Юрьев Сергей Андреевич

[13 (25) мая 1821, Тверская губ. — 26 декабря 1888 (8 января 1889), Москва]

Критик, переводчик (испанских драматургов и У. Шекспира), общественный и литературно-театральный деятель (образование получил в Московском дворянском институте и Московском университете), редактор-издатель журналов «Беседа» (1871—1872), «Русская мысль» (1880—1885), с 1878 г. — председатель Общества любителей российской словесности, а позднее — Общества драматических писателей.

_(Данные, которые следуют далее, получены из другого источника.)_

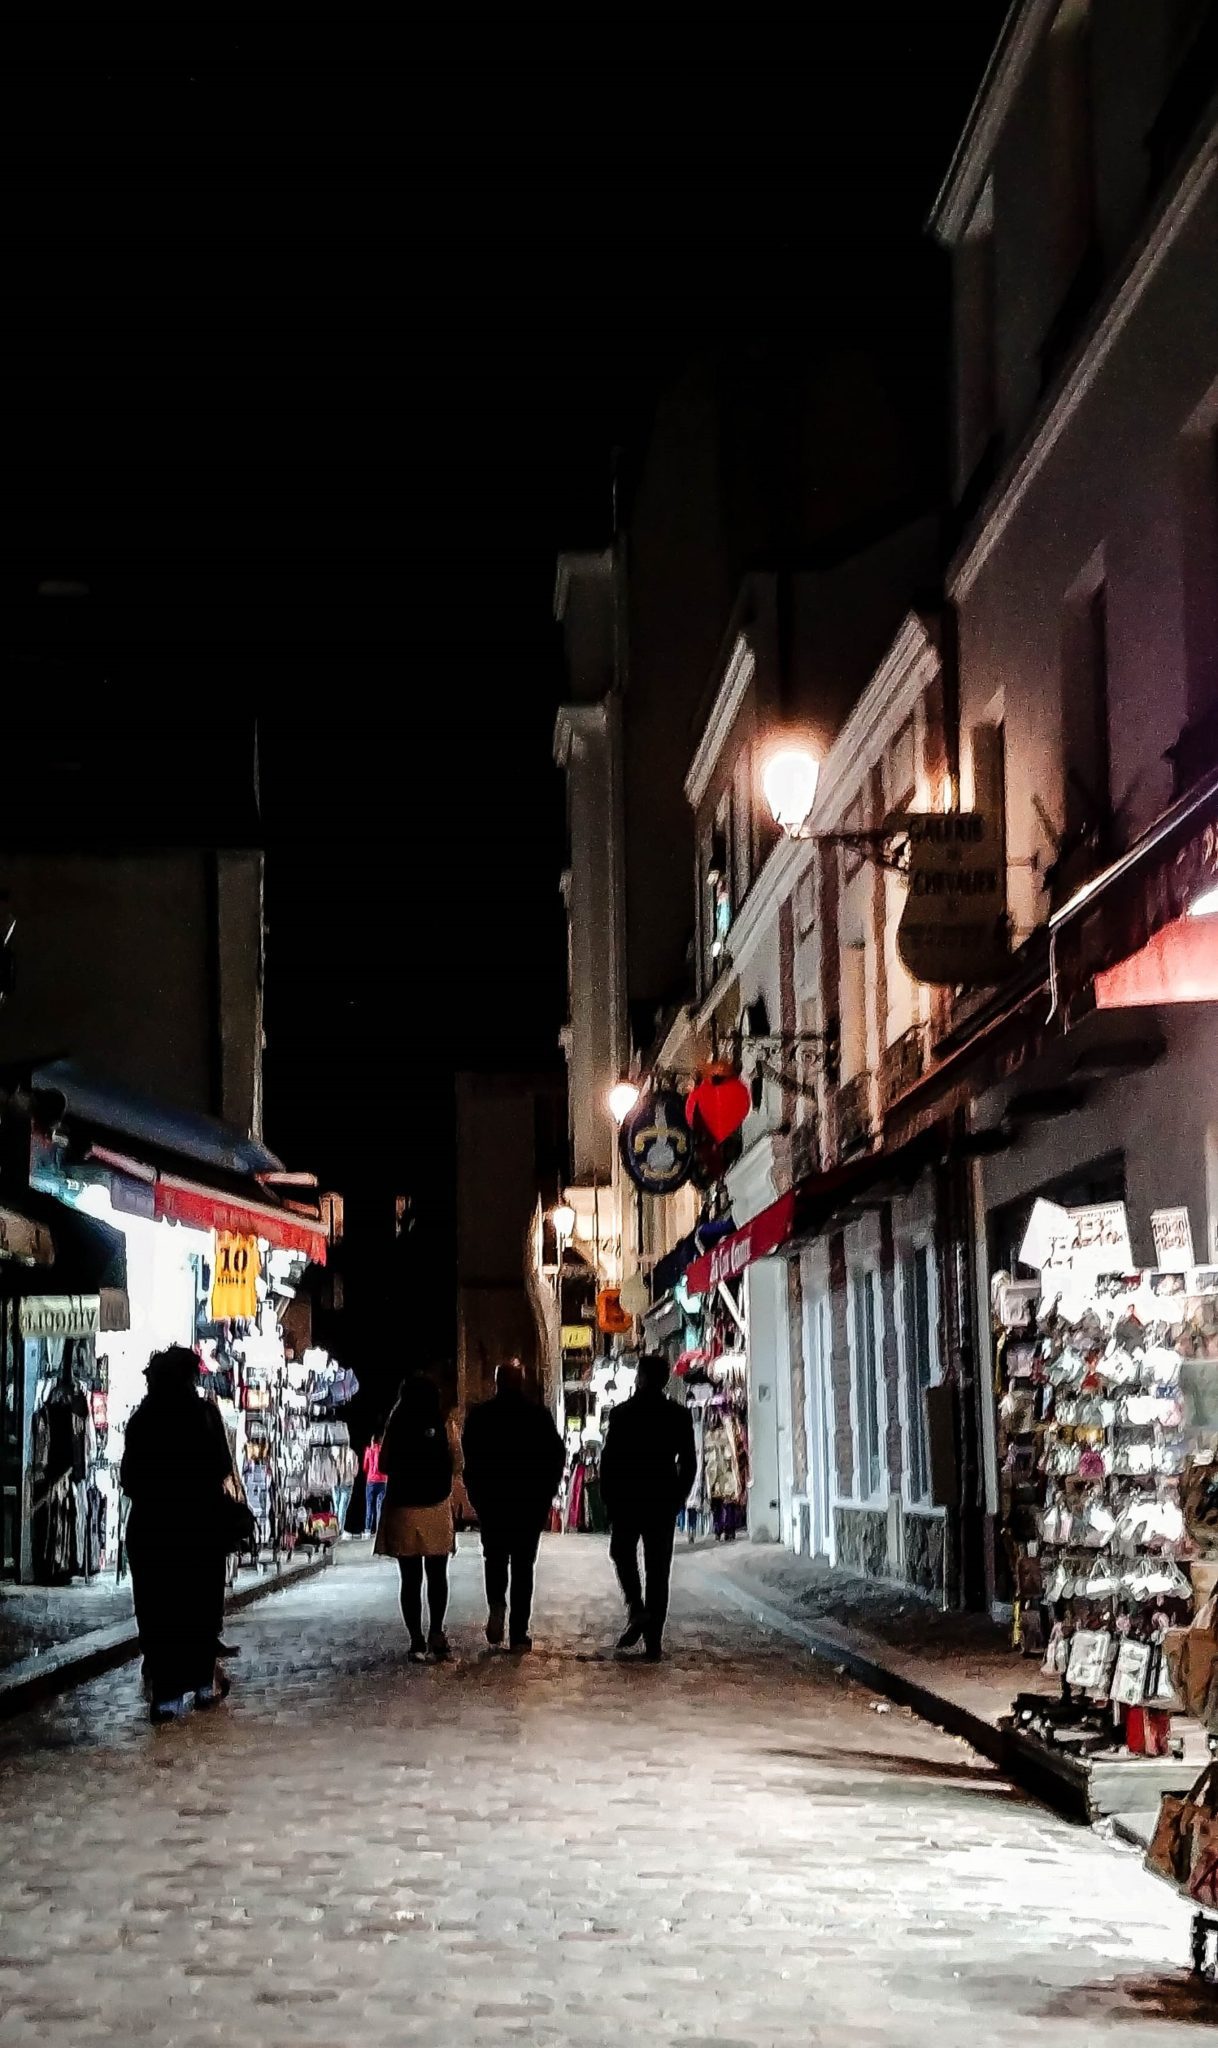 Walking the streets in Montmartre at night

В 1871 г. Юрьев приглашал Достоевского к сотрудничеству в «Беседе» (см. в РГБ. Ф. 93.II.10.14 письмо Юрьева к Достоевскому от 14 октября 1871 г.). В ответном письме к Юрьеву от 27 октября 1871 г. Достоевский, сочувственно относившийся к славянофильско-почвеннической программе «Беседы», сообщал: «Быть сотрудником Вашего журнала считаю за большое удовольствие, а обращение Ваше ко мне с приглашением сотрудничества — весьма для себя лестным. Но в настоящую минуту я весь занят работою в "Русском вестнике" и до окончания этой работы должен отказать себе в удовольствии прислать повесть в прекрасный журнал Ваш, который доставил мне много приятных часов».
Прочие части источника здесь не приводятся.